Before they paddled out for Thursday's Punta Galea Challenge, some of the world's best big wave chargers got schooled on how to handle emergencies in the water. The North Shore-based Big Wave Risk Assessment Group (BWRAG) ran a two-day summit to train heavy-hitters from Jamie Sterling to ASP Big Wave World Tour (BWWT) Commissioner Peter Mel.
Kohl Christensen (HAW) and Danilo Couto (BRA) launched a safety meeting informally four years ago after the death of big wave paddle surfer Sion Milosky. "Danilo came back from Maverick's pretty shaken up," Christensen said. "Together we decided the best thing to do would be a CPR class. Since then it's evolved into something much bigger than that."
After the class in Christensen's North Shore barn, he and Couto partnered with Liam Wilmott, an events consultant and North Shore big wave rider, and Brian Keaulana, legendary Hawaiian safety expert, to take the course to the next level. In the years since, they have expanded the training and included the broader big wave community. With sponsorships and a venue at Turtle Bay Resort, they have been able to enhance the course while keeping it free for the surfers. This year, the ASP presented the course.
The summit now includes training in emergency rescue breathing by local EMTs, spine protection skills by local lifeguards, jetski training for tow-in sessions and, throughout it all, an open forum.
"The average person doesn't have all the answers," said Keaulana, who fielded some queries from the back of the room. "They only know questions. So that's the kind of stuff we're doing, developing all the answers for these guys, so they don't have questions."
With practicality and relevance at the core of the training, queries ranged from how to check a pulse to whether a jetski could accommodate backboarding. When talk of equipment came up -- defibrillators, among them -- cost, effectiveness and ease of use were part of the conversation.
"It's like beauty and the beast, right?," said Keaulana. "People only see the beauty, they don't see the beast. And the beast is all the hazards. ... When something bad happens, I don't blame the people. I blame the process. Because the process is not in place.
"The reason why people pass away at Maverick's, a process is not in place. Whereas if you go to Jaws [Maui's Pe'ahi], you go to other places like Makaha [on Oahu's West Side], there's a process of identifying that there's a problem, reacting to that problem, and there's a plan for that problem."
When I first started doing this, it was a selfish thing. Now I do it because I want everyone to succeed. -- Peter Mel
Perhaps the most important -- if not unintended -- outcome of BWRAG's summit was the communication it fostered in a sport that's fundamentally solitary. "When I first started doing this, it was a selfish thing," Mel said during the summit. "I was doing it for my own pleasure, my own career. And now I look at it as this whole room [of big wave surfers], I do it because I want everyone to succeed, and that's the difference.
"All of a sudden, we're not so guarded. We're opening up communication to all of the surfers globally. We can actually share the experiences. To me -- watching Ian Walsh and Billy Kemper talk about their wave at Jaws, that they've grown up surfing, and expressing all the hazards and dangers and successes, that's a great thing to see. Because it hasn't always been that way."

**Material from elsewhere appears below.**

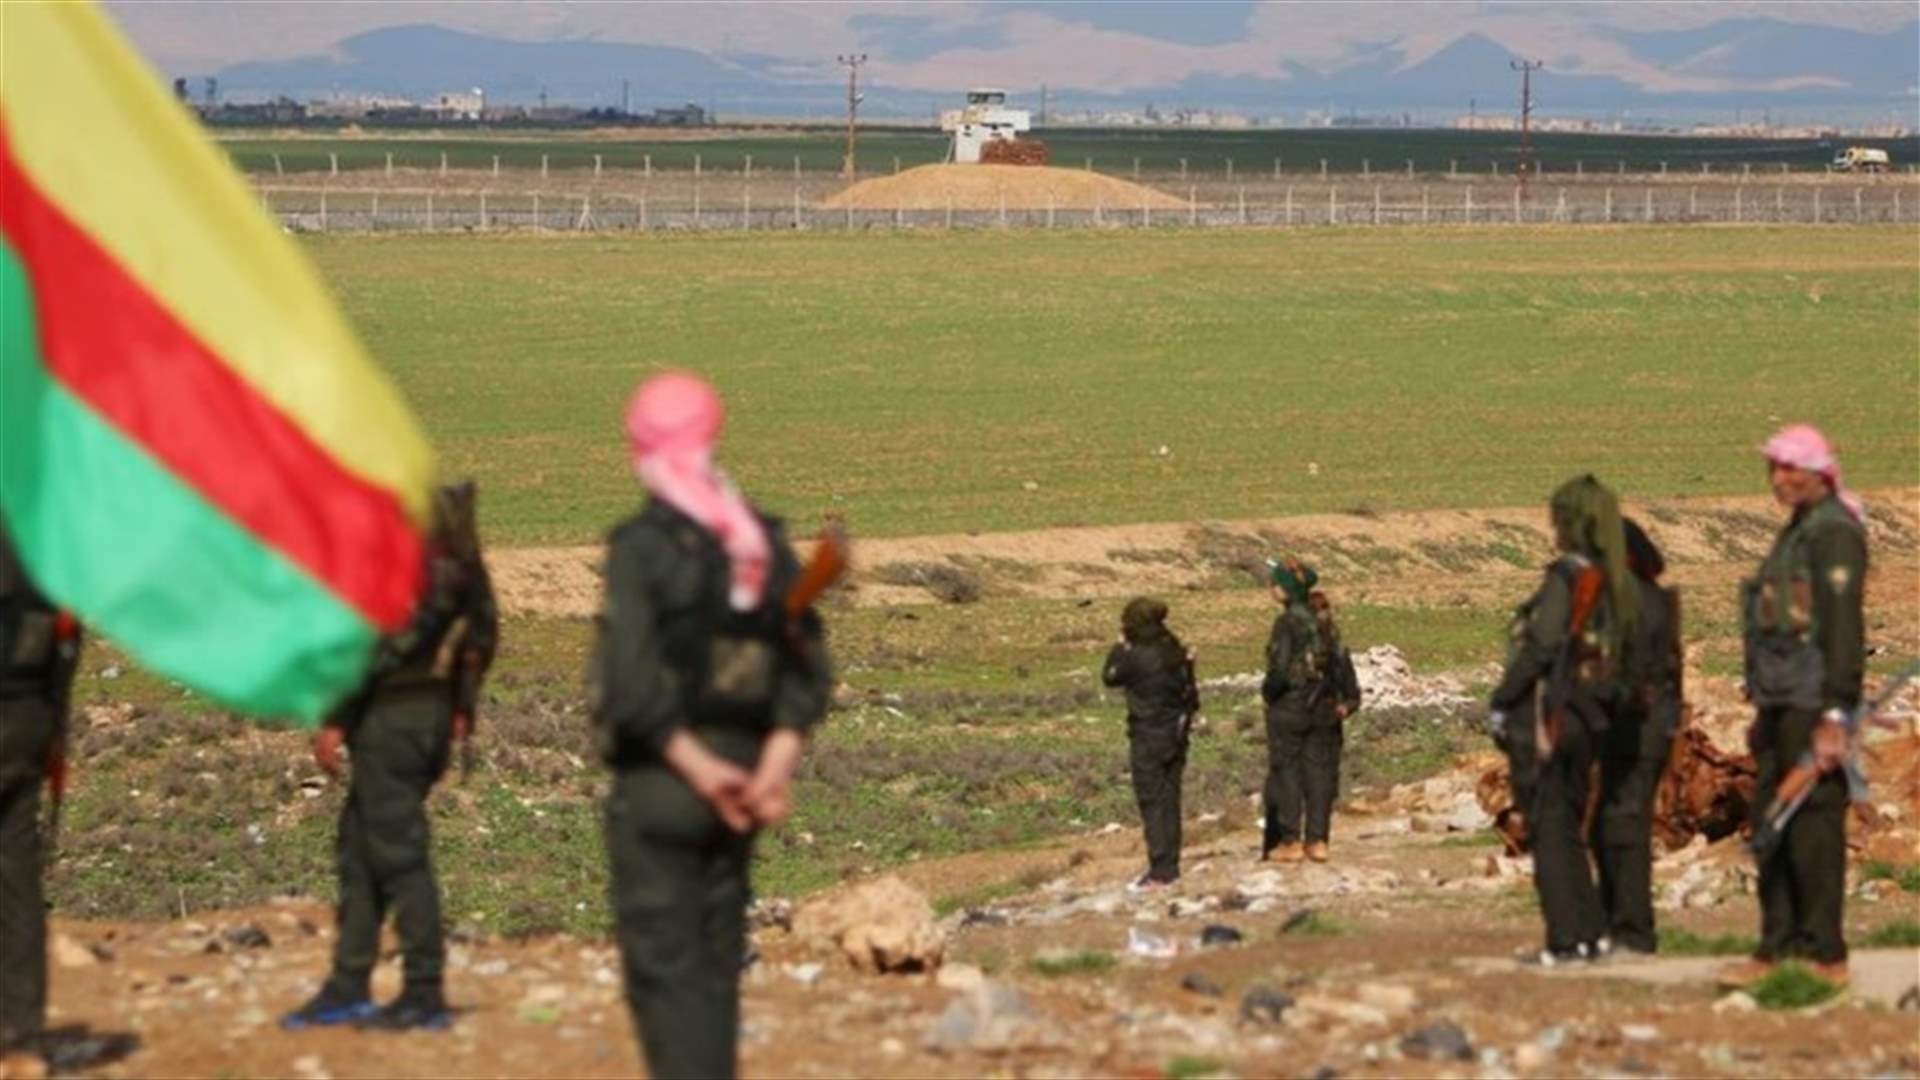 واشنطن تعبر عن قلقها بعد قصف الجيش التركي مواقع المسلحين الاكراد في سوريا
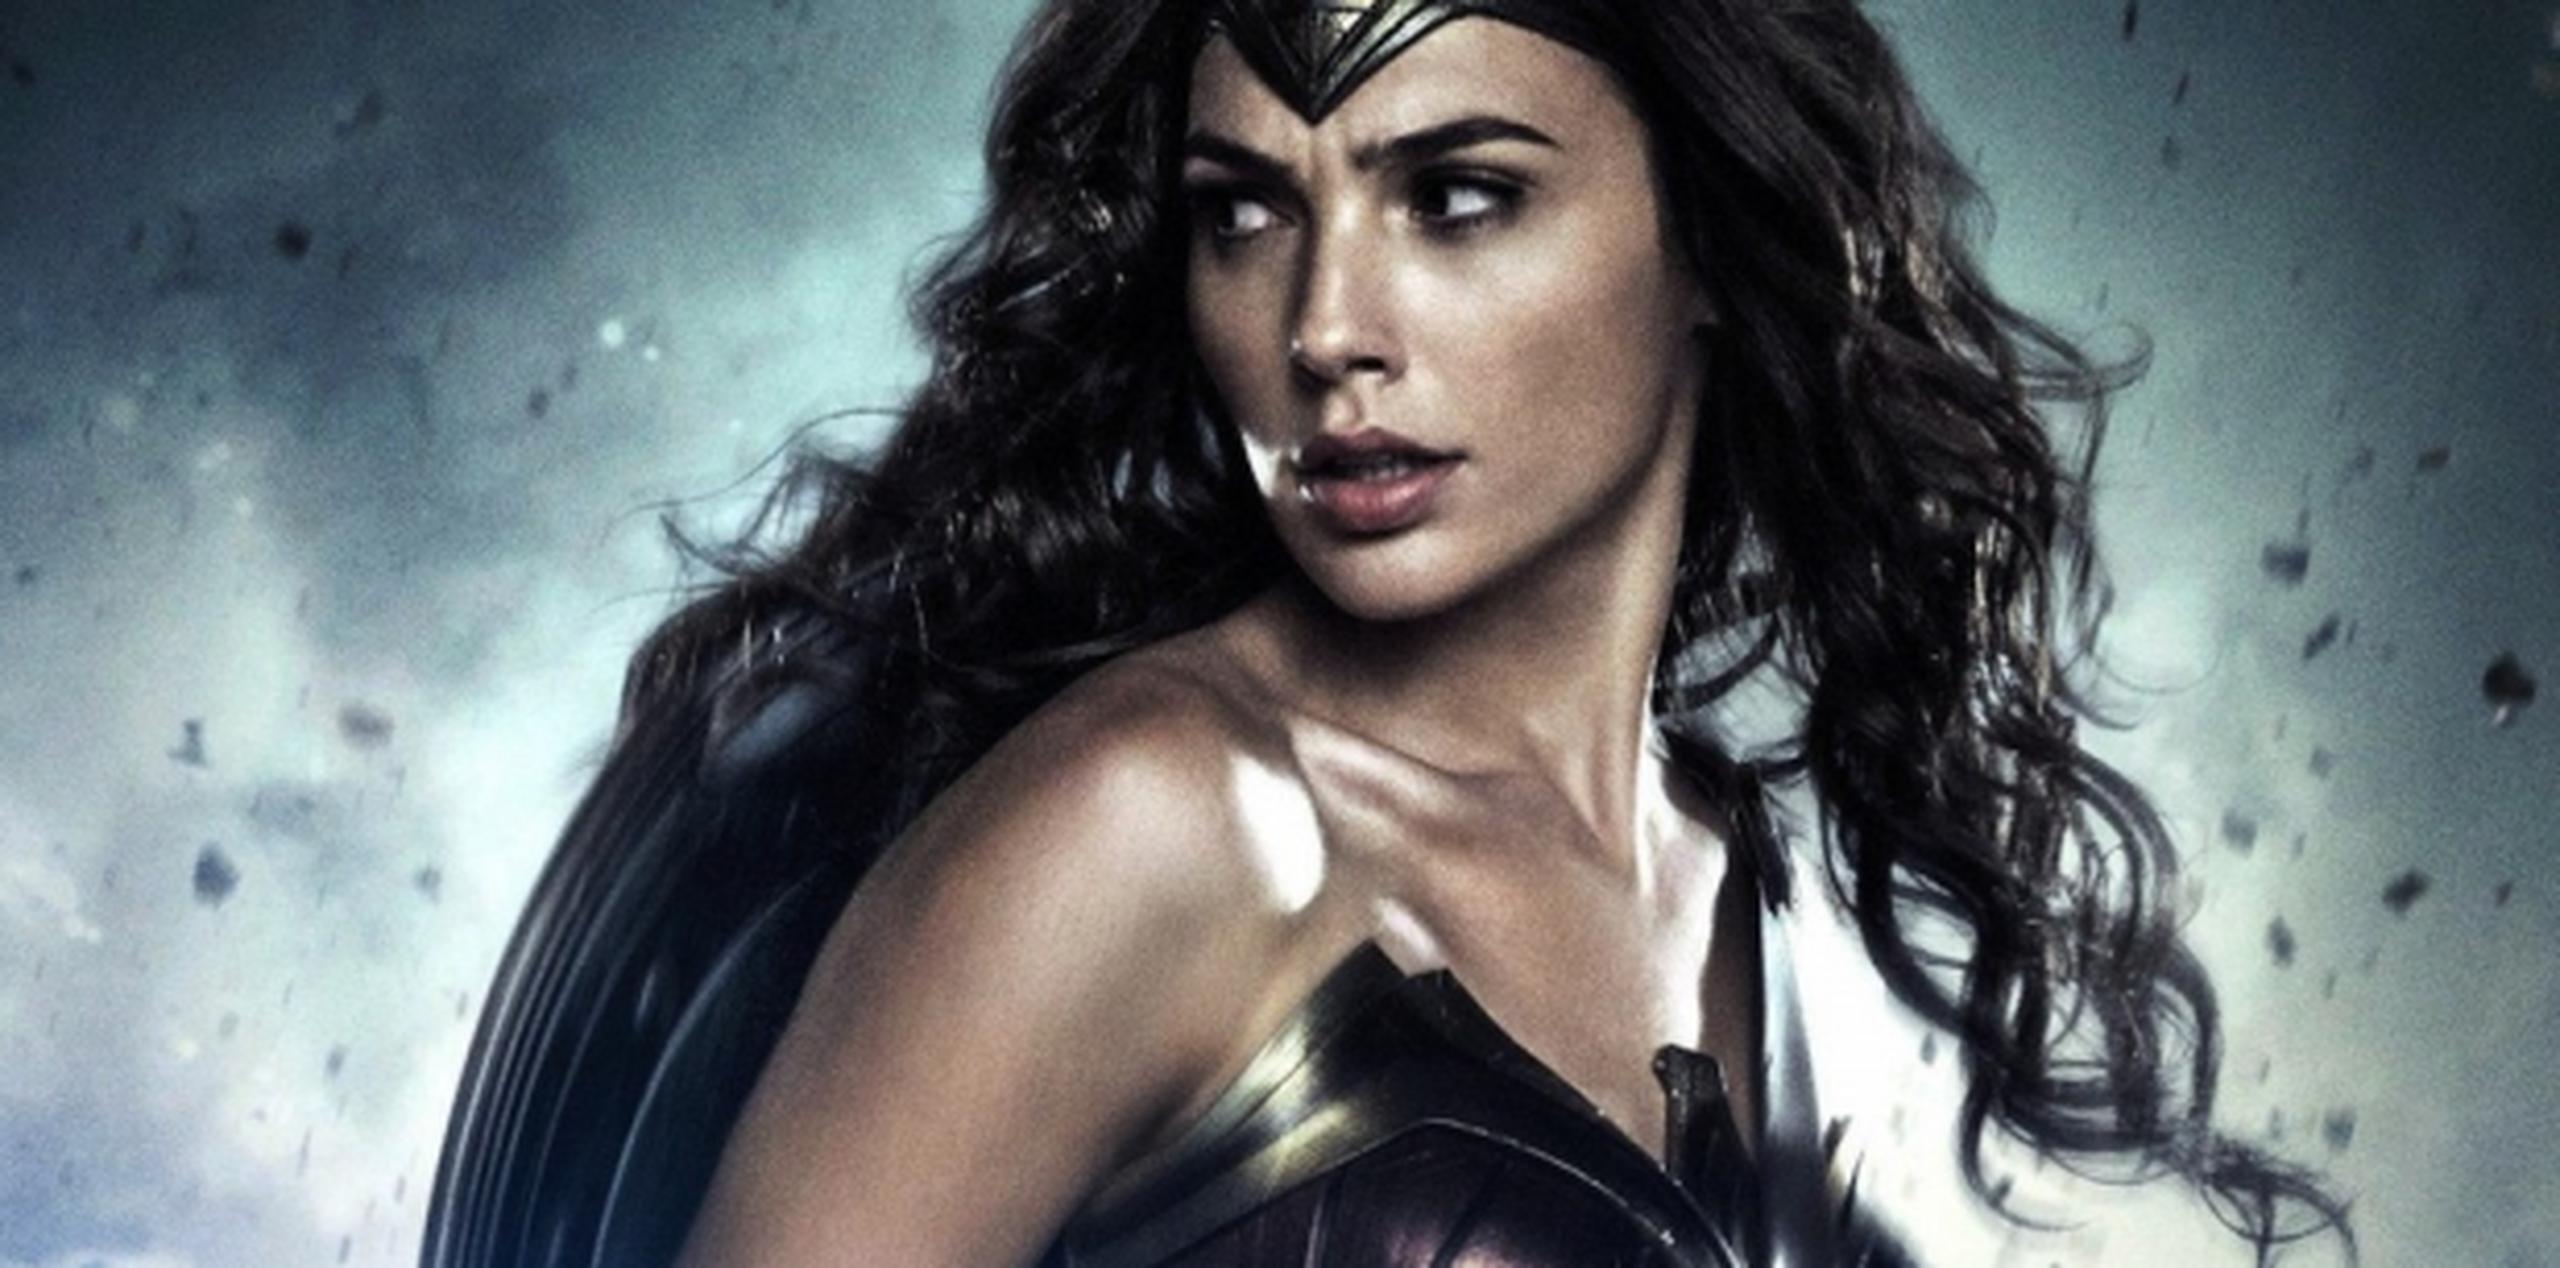 Gal Gadot recibió buenas críticas en  "Batman V Superman: Dawn of Justice" por su papel de la Mujer Maravilla. (Foto/Warner Bros.)

Christensen, who's logged time in the snow as well as the surf, sees parallels between skills in the mountains and skills in the water. While it's standard to bring a buddy and avalanche gear in the backcountry, the practice is less than routine in big waves.
"In surfing there is not really that same formula," said Christensen. "A lot of guys surf by themselves. A lot of guys go to the outer reefs without buddies who know CPR. That's what we're trying to do here. To create an environment where the people that you find yourself surfing with can save your ass if you're the one that gets hurt, and you can save theirs."